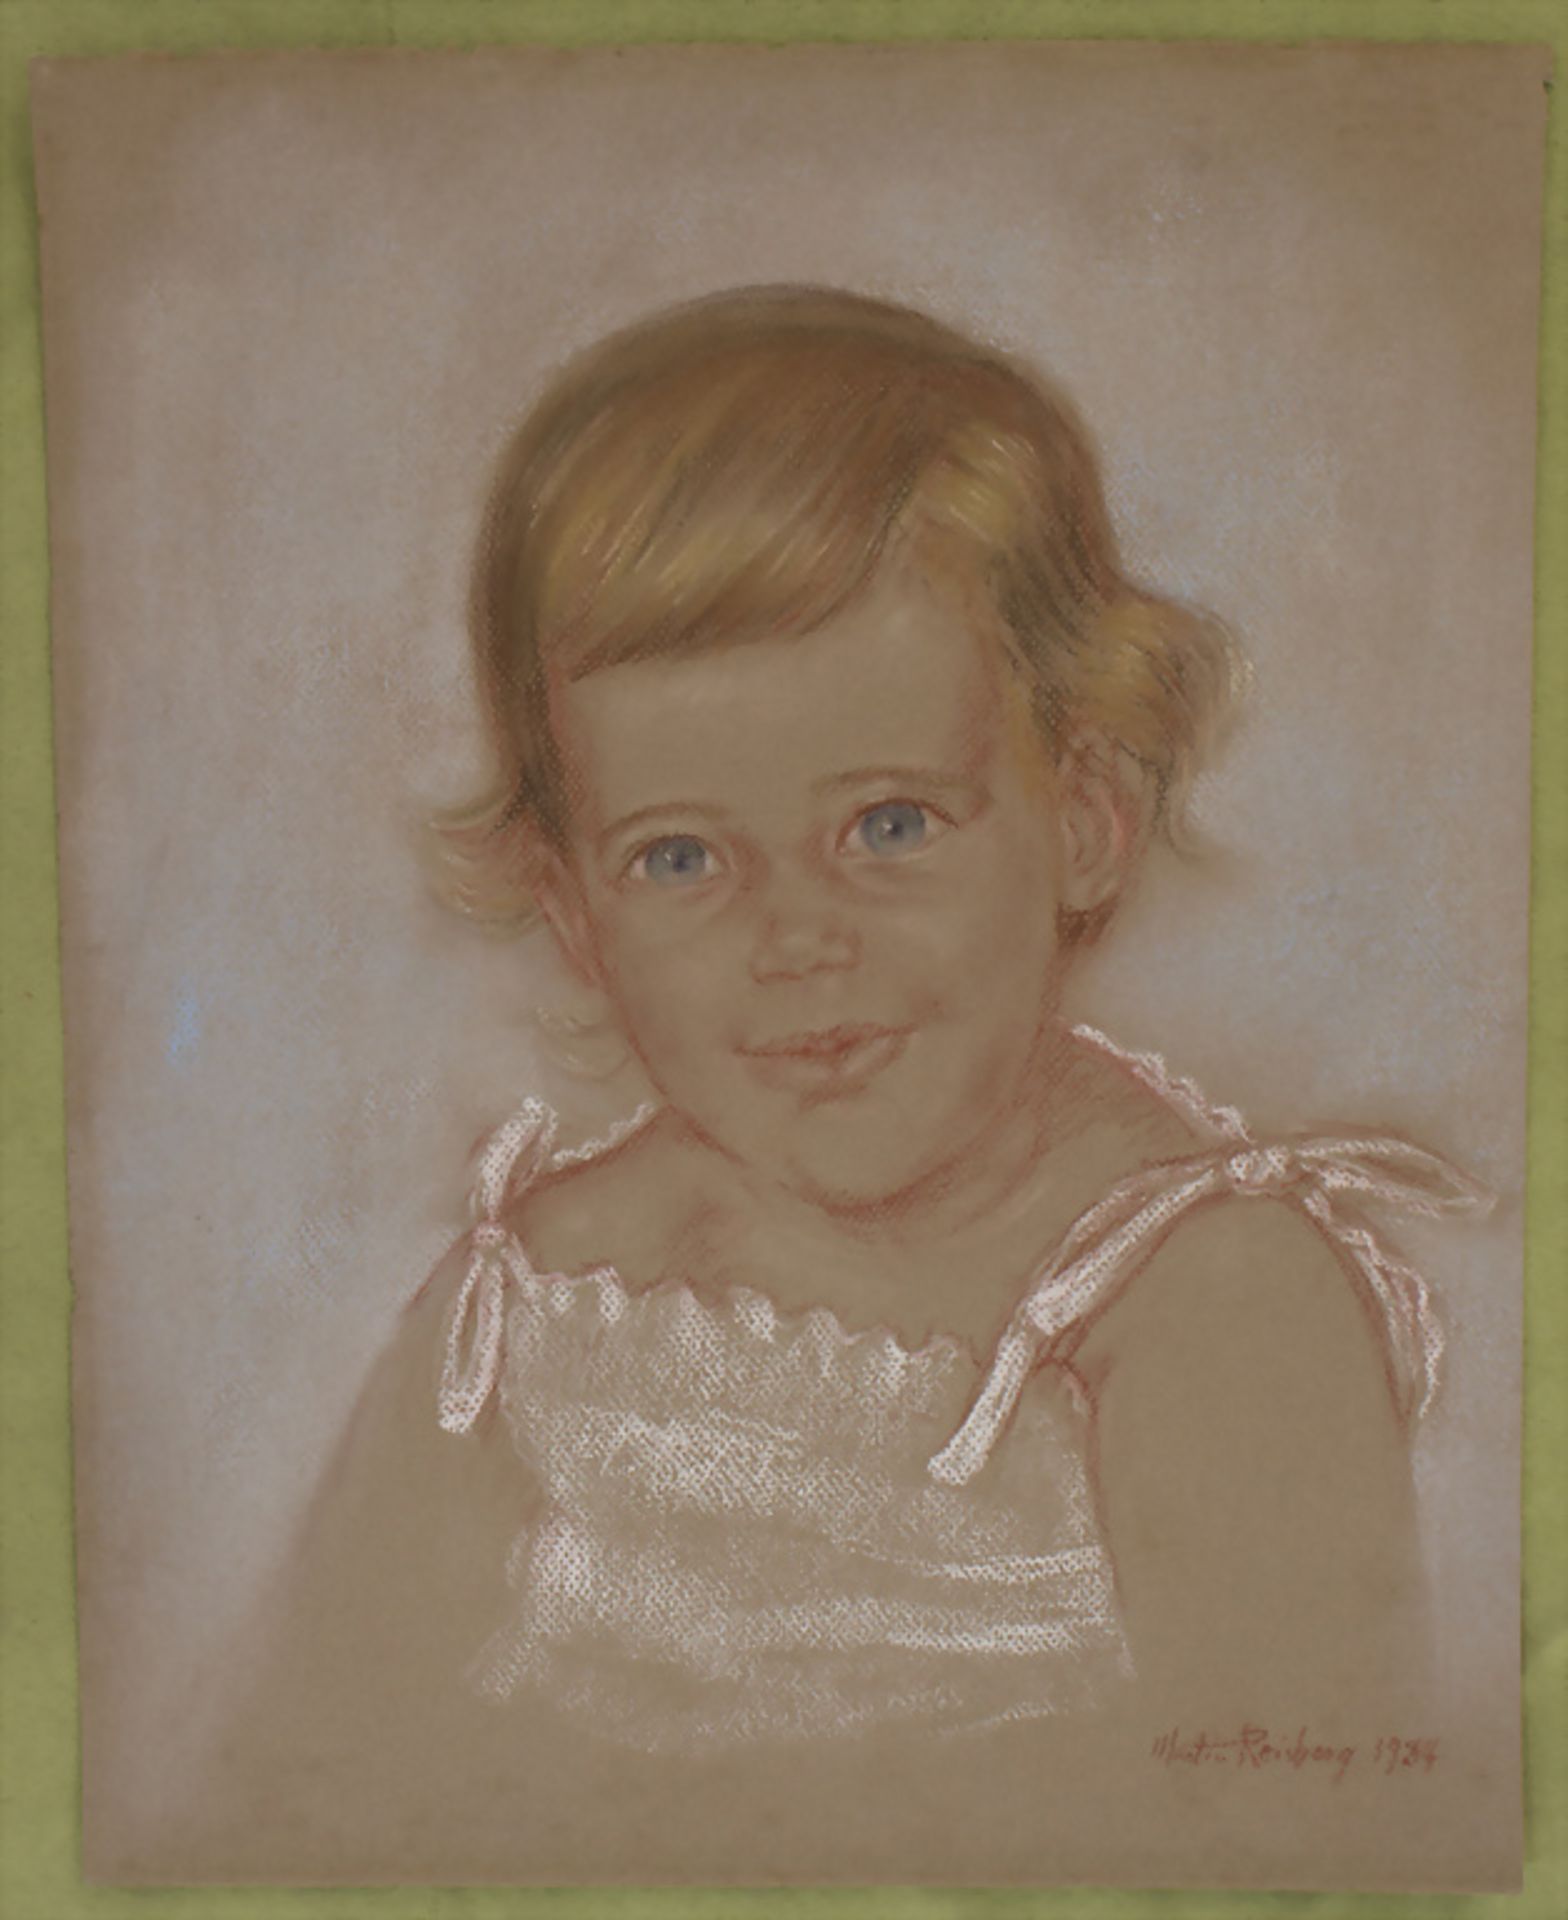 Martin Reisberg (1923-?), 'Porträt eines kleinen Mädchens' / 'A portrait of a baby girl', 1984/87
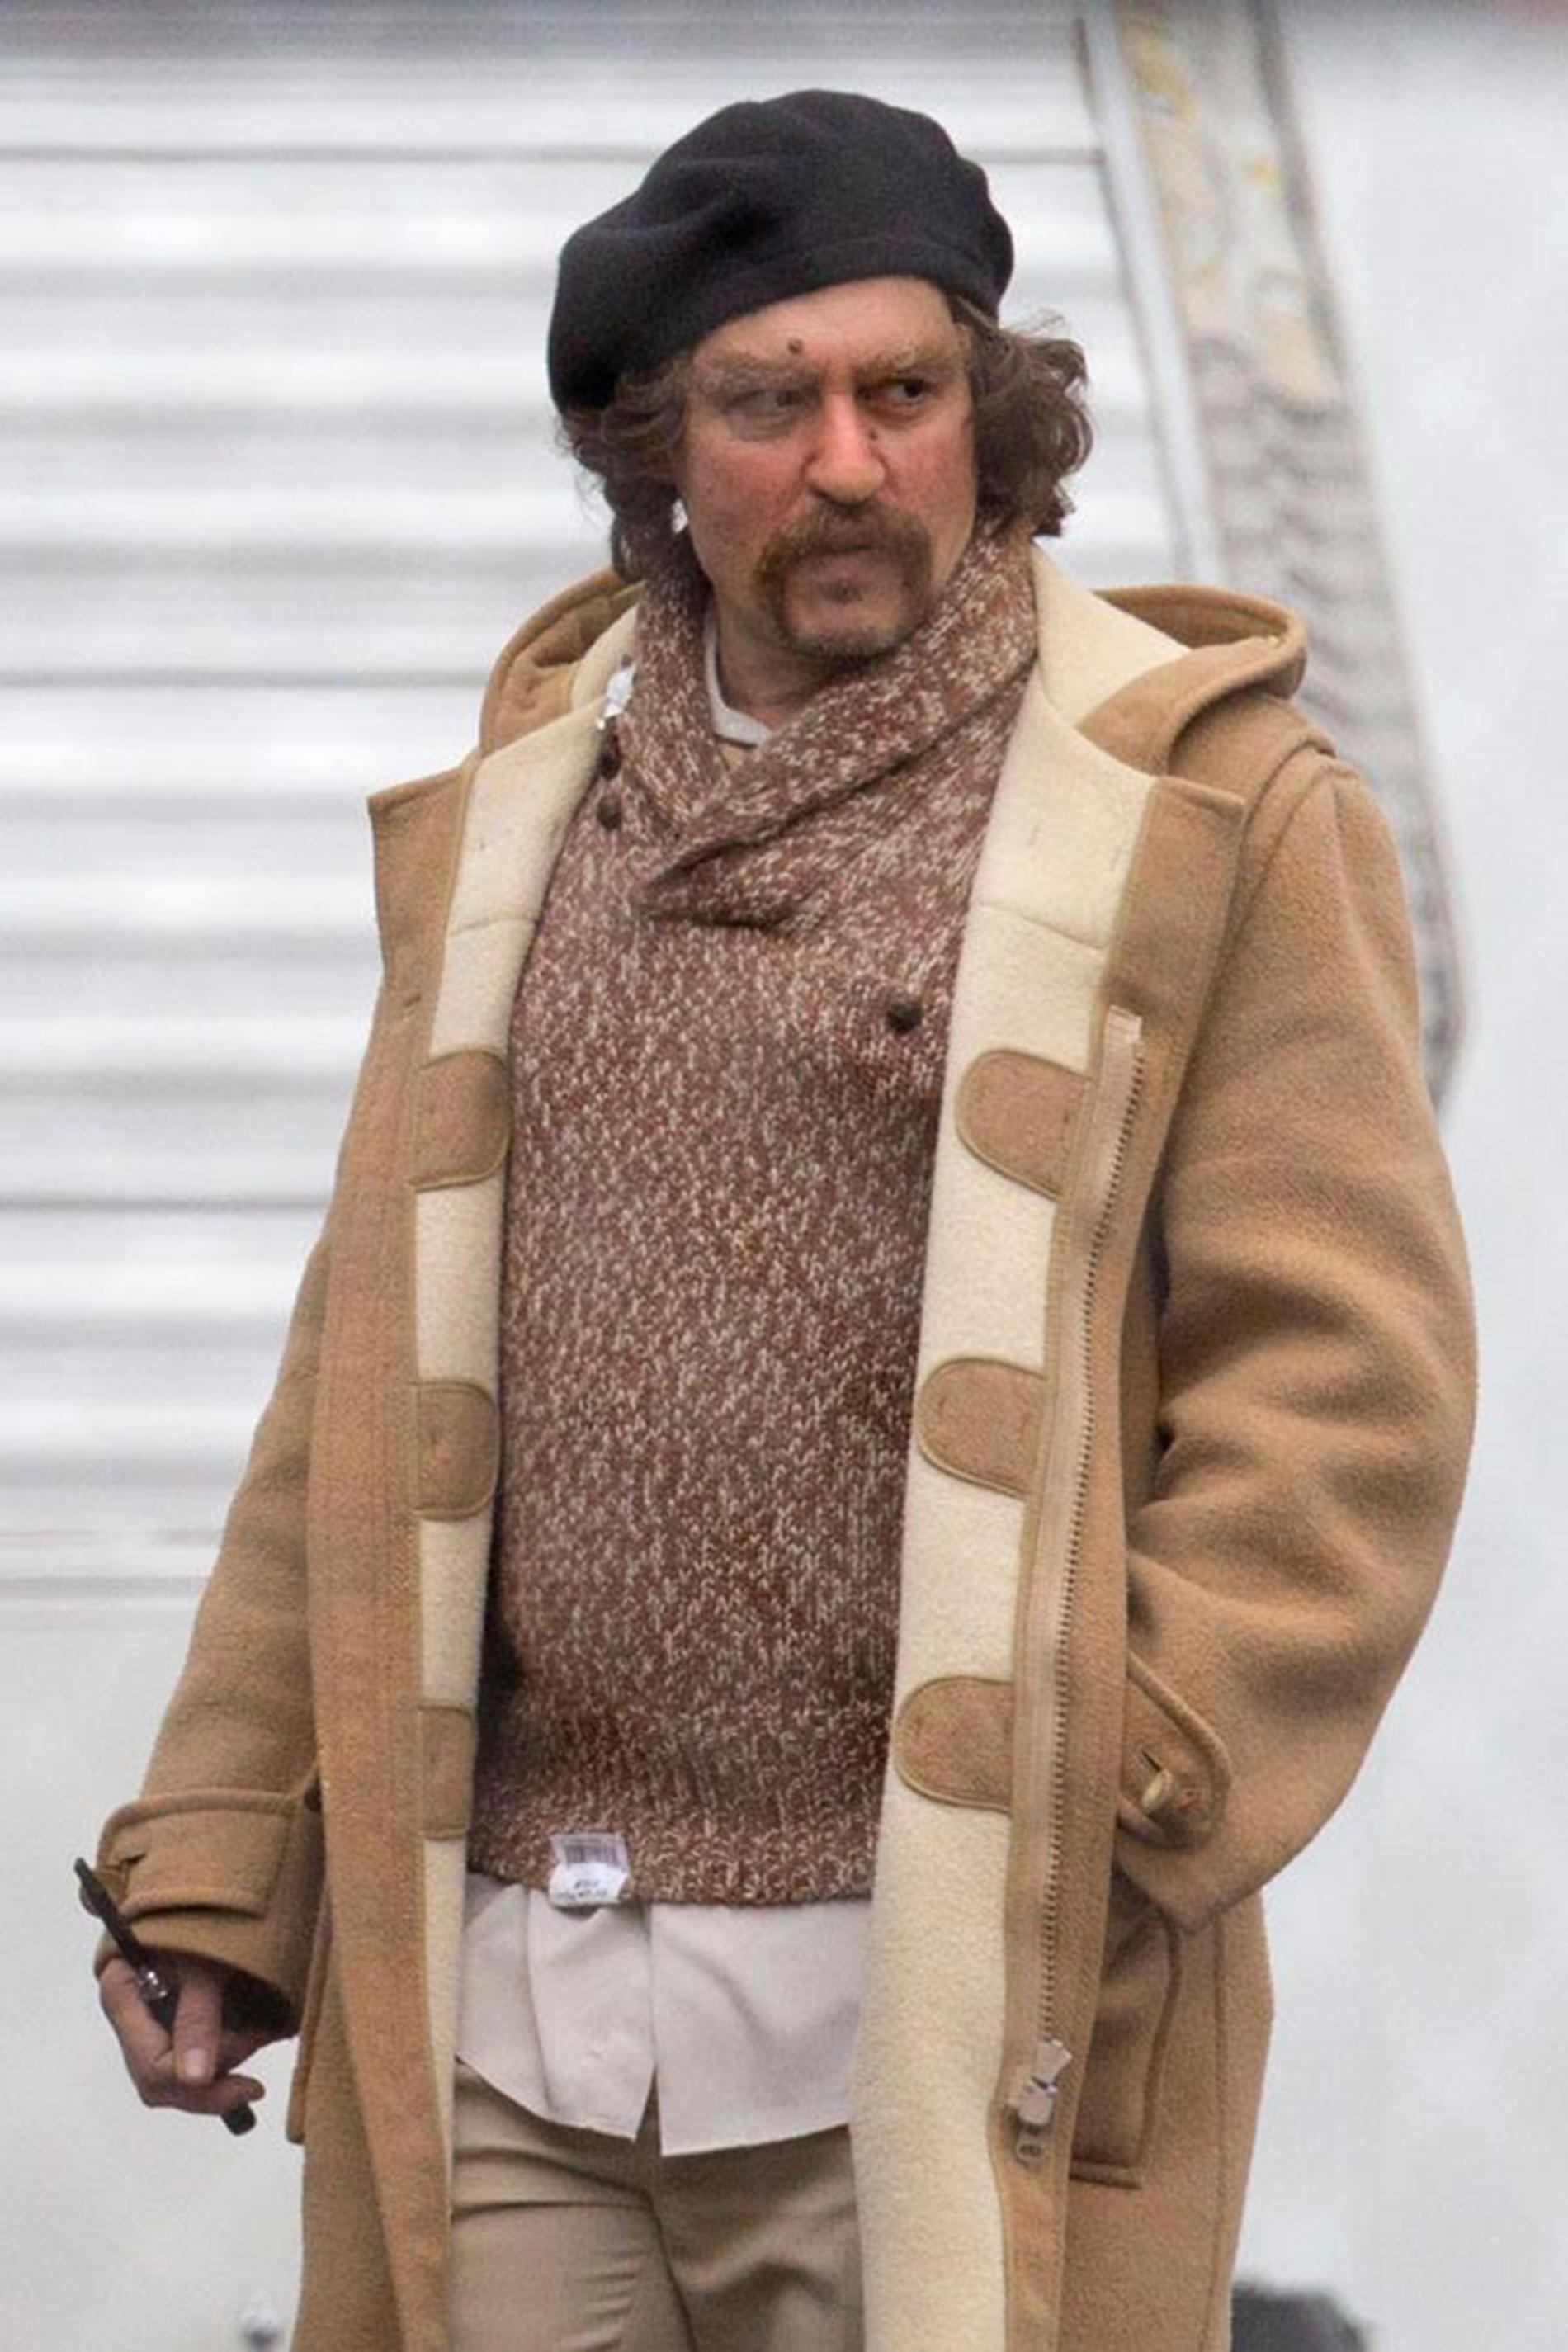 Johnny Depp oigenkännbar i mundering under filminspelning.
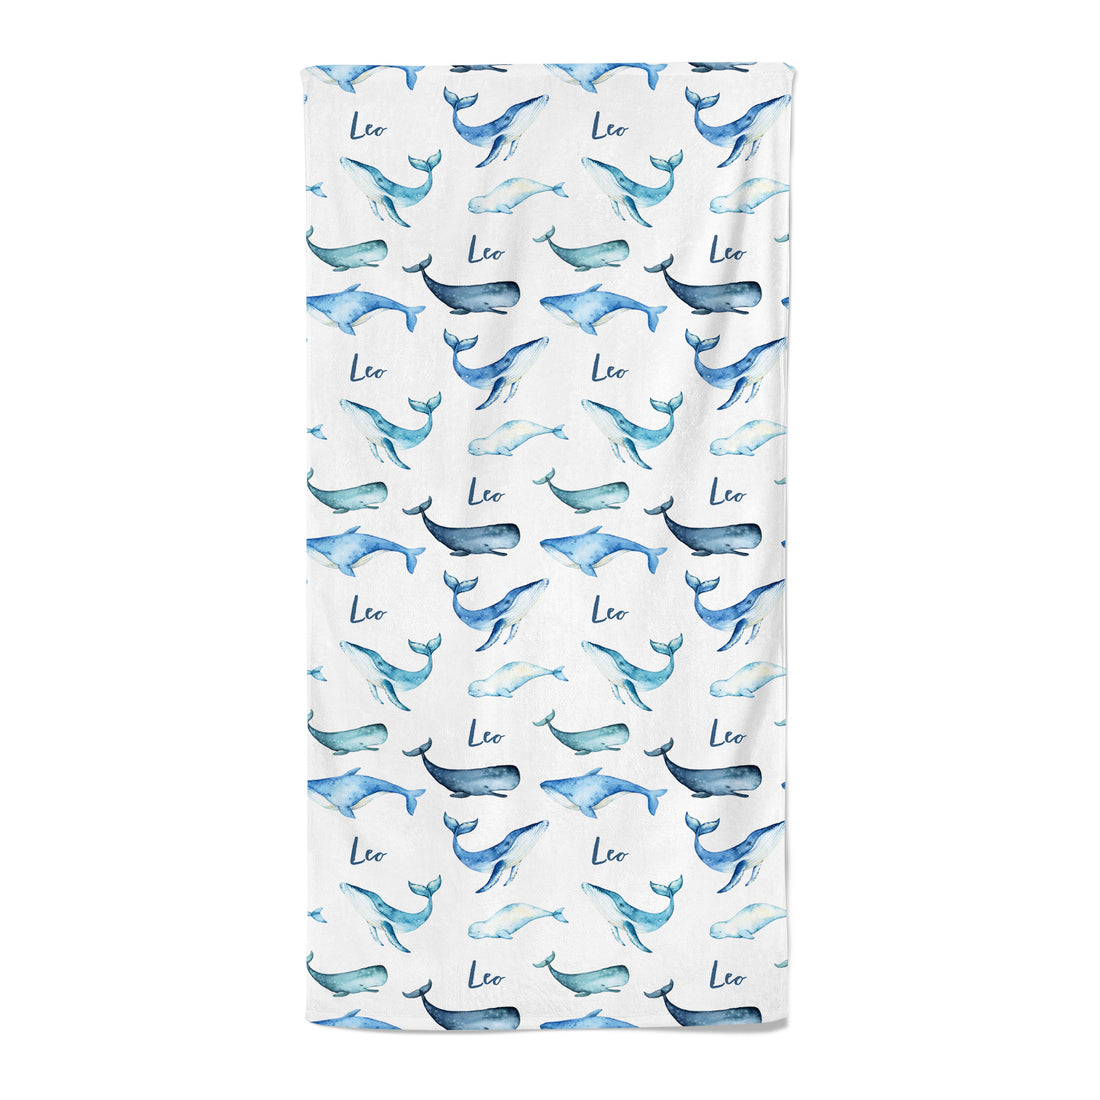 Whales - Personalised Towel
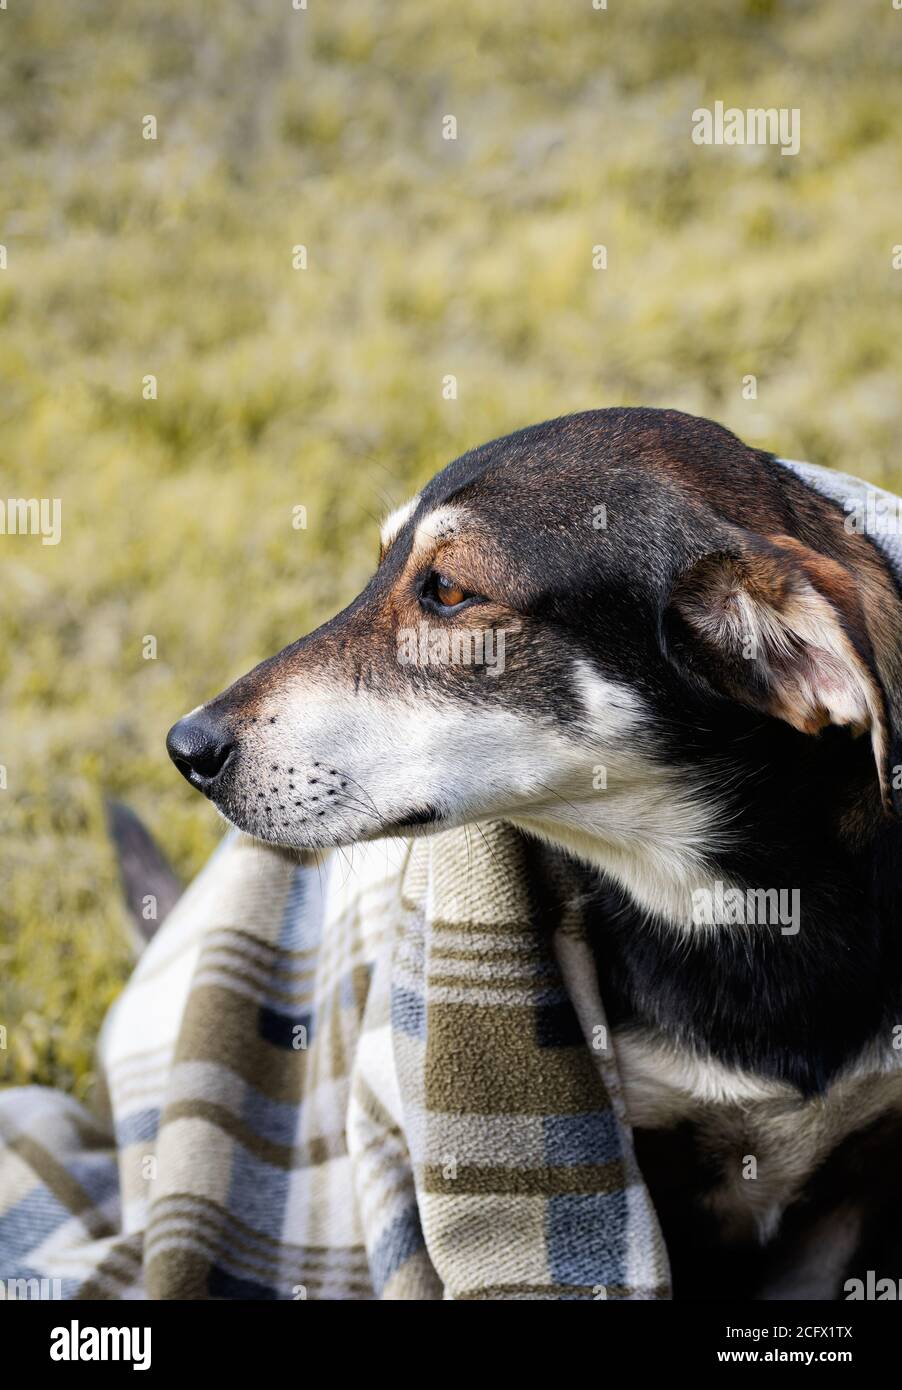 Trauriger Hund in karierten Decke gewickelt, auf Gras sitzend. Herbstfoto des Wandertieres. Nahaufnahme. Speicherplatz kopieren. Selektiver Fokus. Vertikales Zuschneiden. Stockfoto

------------------------------------------------

● Your assignment: Keep the pictures out and transcribe the listing exactly.

● Response area:
 Martin Reisberg (1923-?), 'Porträt eines kleinen Mädchens' / 'A portrait of a baby girl', 1984/87
 Johnny Depp oigenkännbar i mundering under filminspelning.
 Whales - Personalised Towel
 Trauriger Hund in karierten Decke gewickelt, auf Gras sitzend. Herbstfoto des Wandertieres. Nahaufnahme. Speicherplatz kopieren. Selektiver Fokus. Vertikales Zuschneiden. Stockfoto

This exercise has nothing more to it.